It makes sense for every country in the world to seek a legally binding ban on nuclear weapons. It would make even more sense to immediately deactivate all nuclear weapons. But, by boycotting and disparaging the process now underway, the U.S. and other nuclear armed nations have sent a chilling signal. They have no intention of giving up the power to explode, burn and annihilate planetary life.
“The United States is spending $1 trillion USD over the next thirty years to modernize its nuclear weapon arsenals and triple the killing power of these weapons,” says Ray Acheson, programme director at Women’s International League for Peace and Freedom (WILPF).
Acheson also notes that the excessive spending for nuclear weapons contrasts with U.S. cuts to vital anti-poverty programs.
On June 19th, more than a dozen people blocked the U.S. Mission to the UN entrance to protest Washington’s boycott of the negotiations. They were arrested for disorderly conduct, but I believe it’s incomparably more disorderly to plan for nuclear war.
During the past weekend, to support the negotiations for a treaty banning nuclear weapons, WILPF called for “Women’s March to Ban the Bomb” actions in cities across the U.S. and around the world. Jane Addams, who helped found the League in 1919, was a Chicago woman who understood the crucial need to put an end to war, all war, and instead care for the neediest people. She dedicated herself to assuring that many new immigrants in her city were treated with respect, given assistance to meet basic needs and encouraged to live and work together, peaceably. Addams worked passionately to prevent nations from sleepwalking into the horrors of World War I, and she vigorously campaigned to stop the United States’ entry into it.

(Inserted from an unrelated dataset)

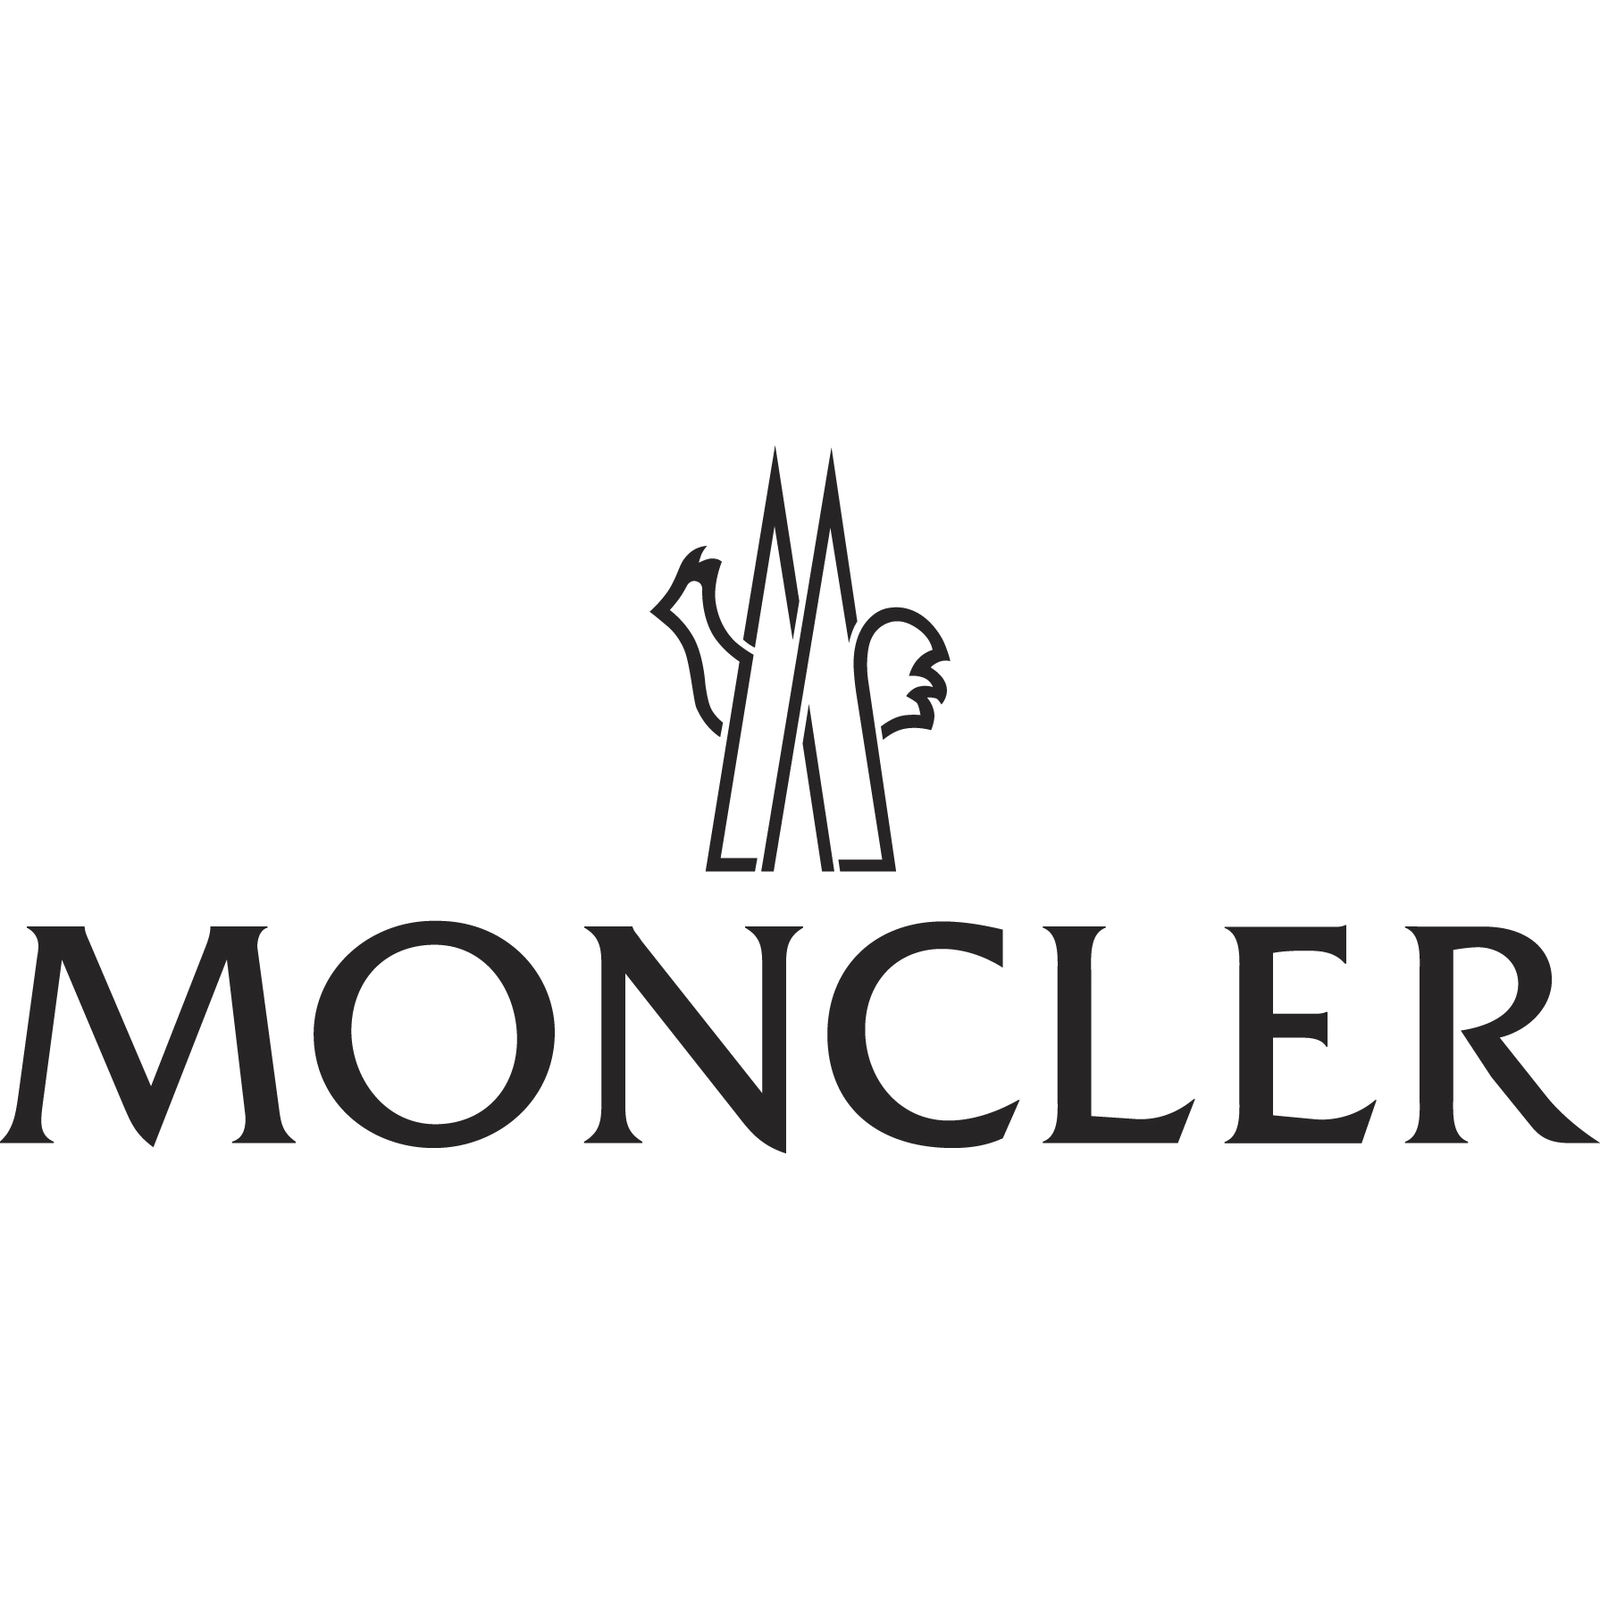 MONCLER (Bild 1)

Upon return from visiting soldiers who had been maimed while fighting in the trenches of World War I, she spoke of how the young men couldn’t have carried on the war without mind-altering substances -sometimes absinthe, sometimes extra rations of rum. Families were sending laudanum and even heroin to the front lines in hampers. The soldiers couldn’t kill, she concluded, if left in their right minds.
The WILPF gatherings help us ask hard questions about our capacity to prepare for massive obliteration of entire cities, through nuclear weapon buildup, while failing to meet the needs of children, like those in Yemen, whose survival is jeopardized by war and indifference. Can we persist in perfecting our nuclear arsenals, indifferent to millions of children at risk of starving to death or dying because they lack clean water — and because U.S. supported Saudi airstrikes decimate the infrastructure that might have supplied food and water, –can we do so and claim to be in our right minds?
WILPF gathered us in Chicago where we took time to remember a remarkably brave former Chicagoan, Jean Gump, a mother of twelve whose altruism led her to help dismantle an intercontinental ballistic missile. On March 28, 1986, Jean and her companions in the Plowshares movement enacted the biblical call to turn swords into plowshares. Picture it in the words of Lila Sarick’s article, “The Crime of Ms. Jean Gump”:……..
President Eisenhower was right to equate possession of nuclear weapons with commission of crime:
Every gun that is made, every warship launched, every rocket fired signifies, in the final sense, a theft from those who hunger and are not fed, those who are cold and are not clothed. This world in arms is not spending money alone.
It is spending the sweat of its laborers, the genius of its scientists, the hopes of its children.
It’s a big “ask”: get rid of nuclear weapons. Along with planning and joining protests, another way to remain awake and focused on preventing nuclear annihilation involves recognizing how interconnected we are with others, so much so that the suffering and death of another person diminishes our own lives.
This wakefulness entails abiding care for others. Jean Gump and Jane Addams practiced such care throughout most of their lives. We, likewise, can work toward justice for those who live in communities like Flint; we can seek sane approaches to the climate crisis; and we can insist that those who are targets of war, like the cholera-ridden, desperately hungry children of Yemen, be spared from aerial terrorism and given full access to clean, life-saving waters.